-- Aim of the exercise --
Below this line are records; write out exactly the lines from the one containing "55 Ford Cars" through the one containing "Washington, D.C., 1942", with the pictures left out.

-- Data under study --
╔══
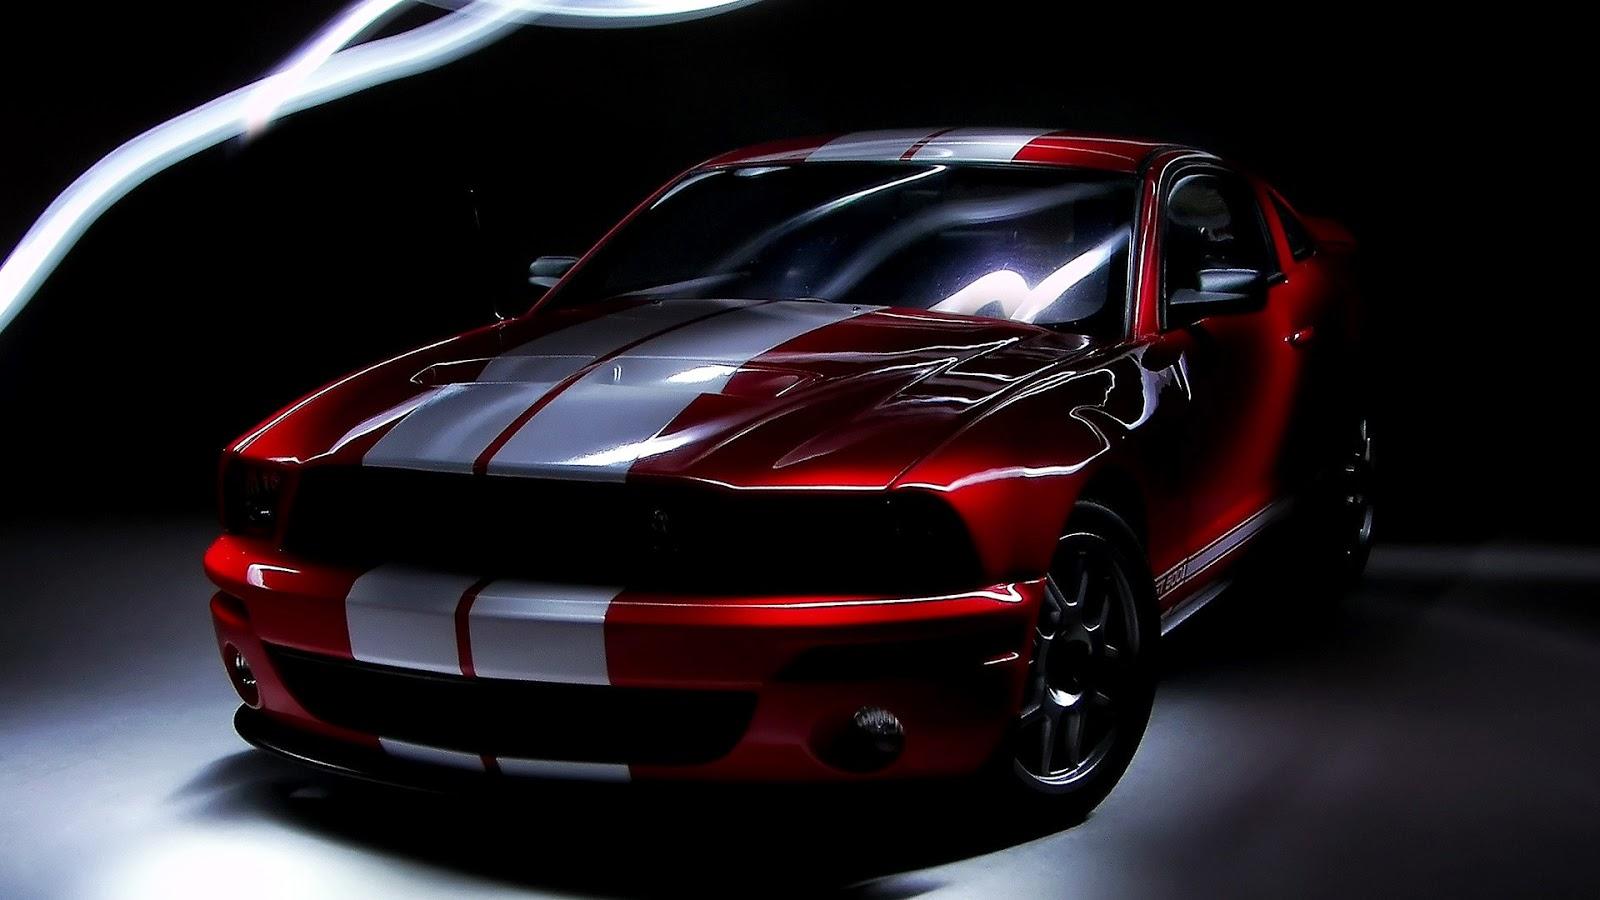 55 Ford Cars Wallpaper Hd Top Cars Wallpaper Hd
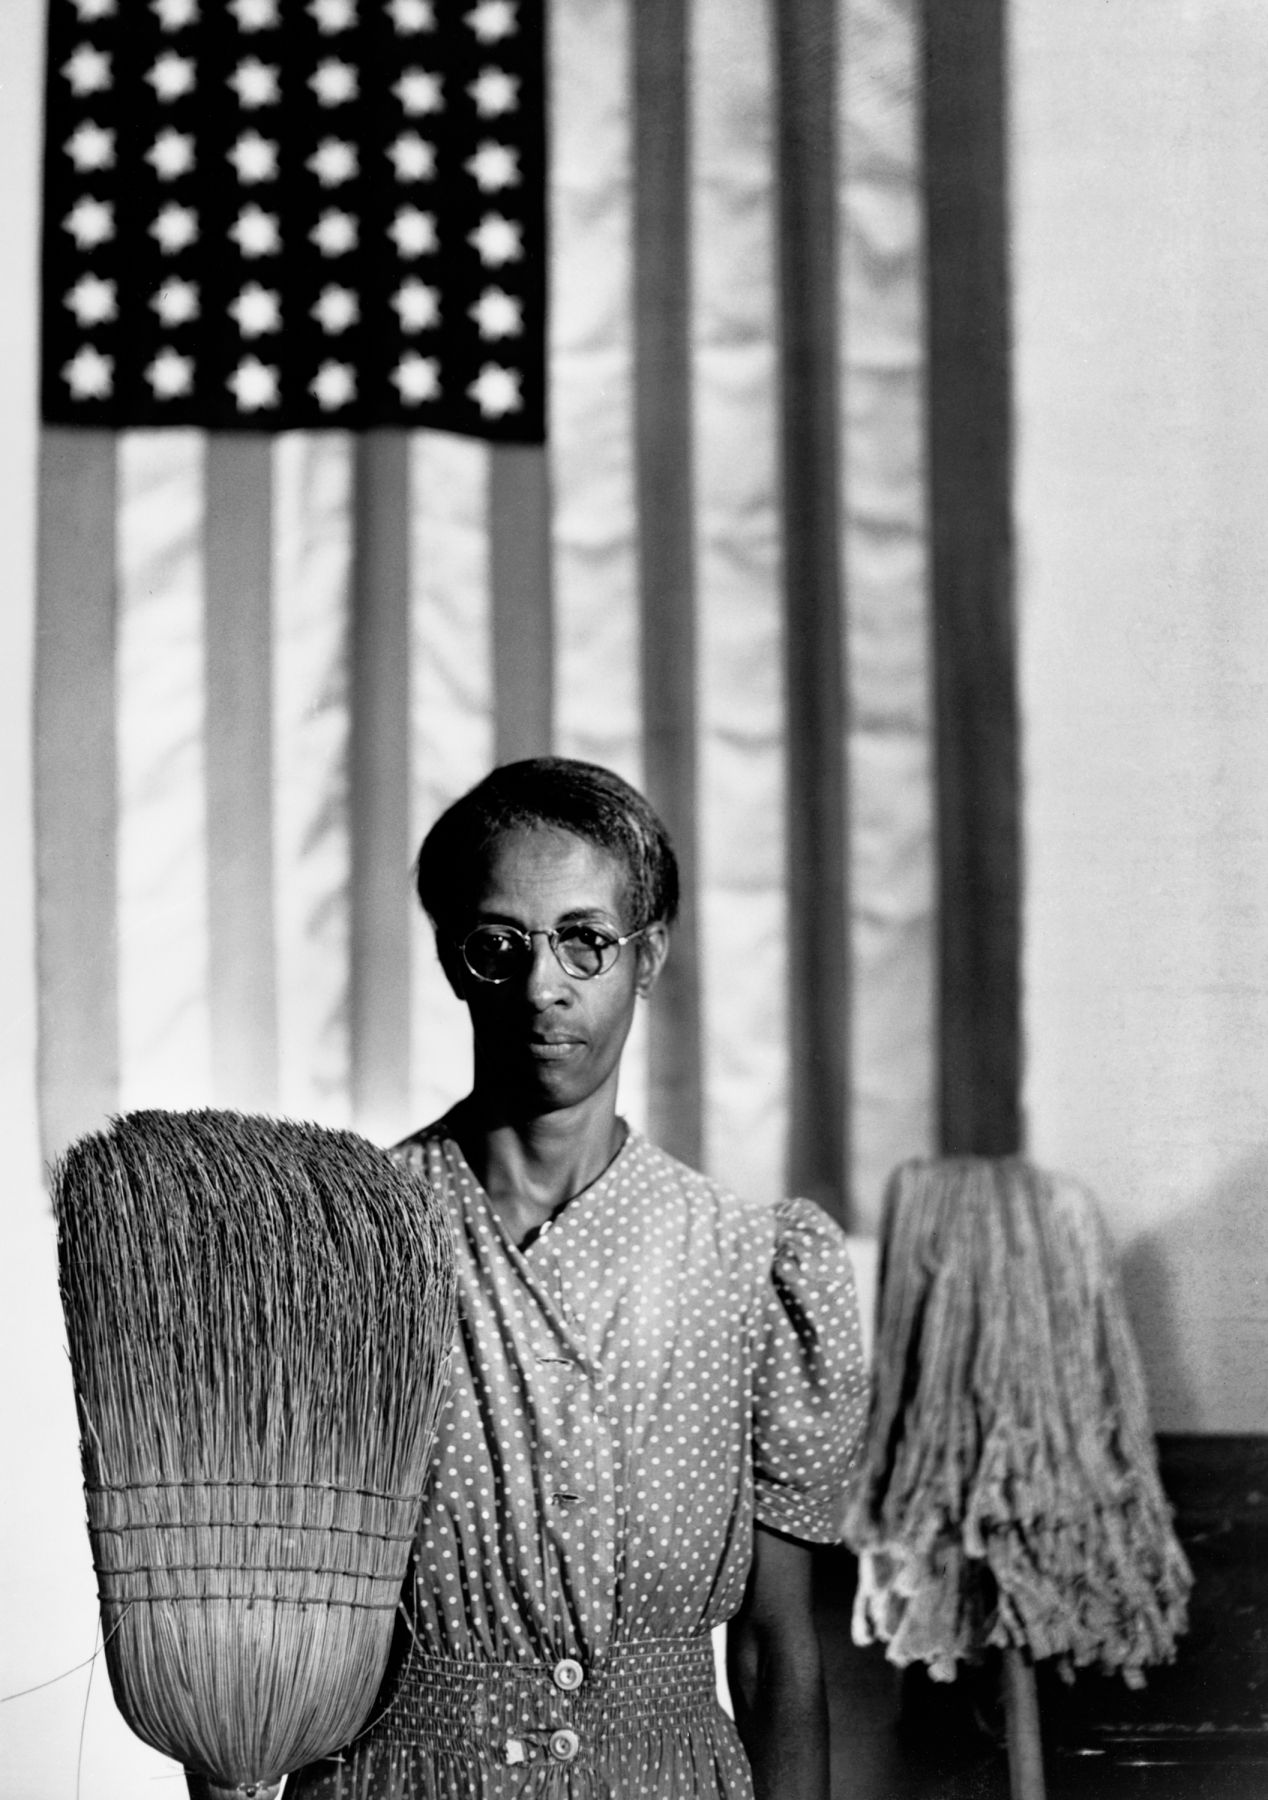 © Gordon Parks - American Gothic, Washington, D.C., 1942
╚══
╔══
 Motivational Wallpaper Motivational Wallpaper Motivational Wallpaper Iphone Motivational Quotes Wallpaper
╚══
╔══
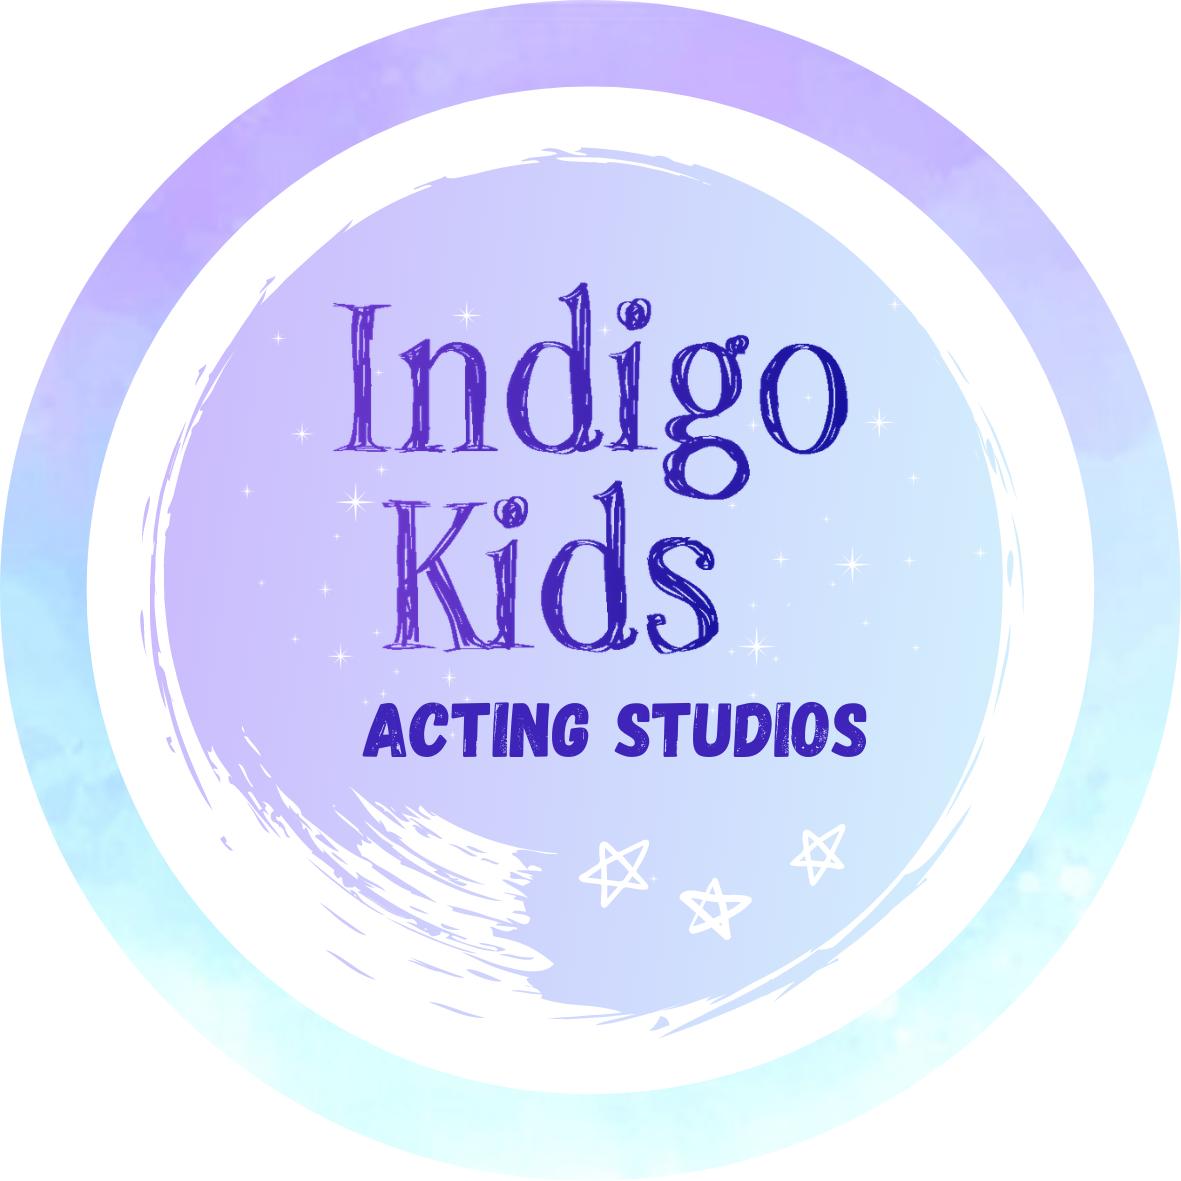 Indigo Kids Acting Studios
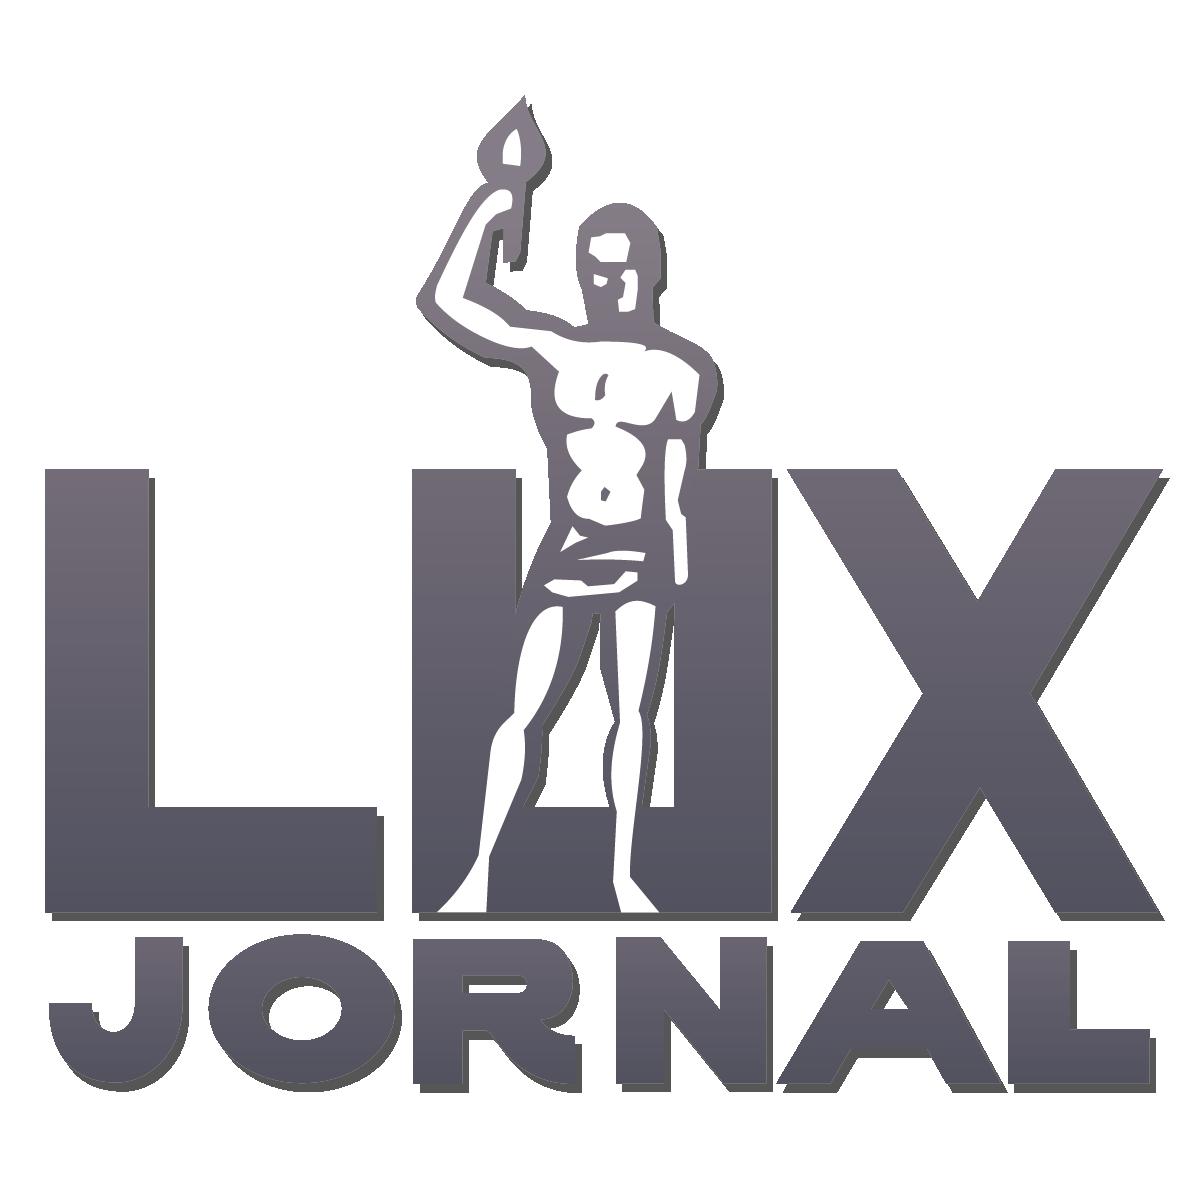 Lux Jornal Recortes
╚══
-- Expected answer --
 55 Ford Cars Wallpaper Hd Top Cars Wallpaper Hd
 © Gordon Parks - American Gothic, Washington, D.C., 1942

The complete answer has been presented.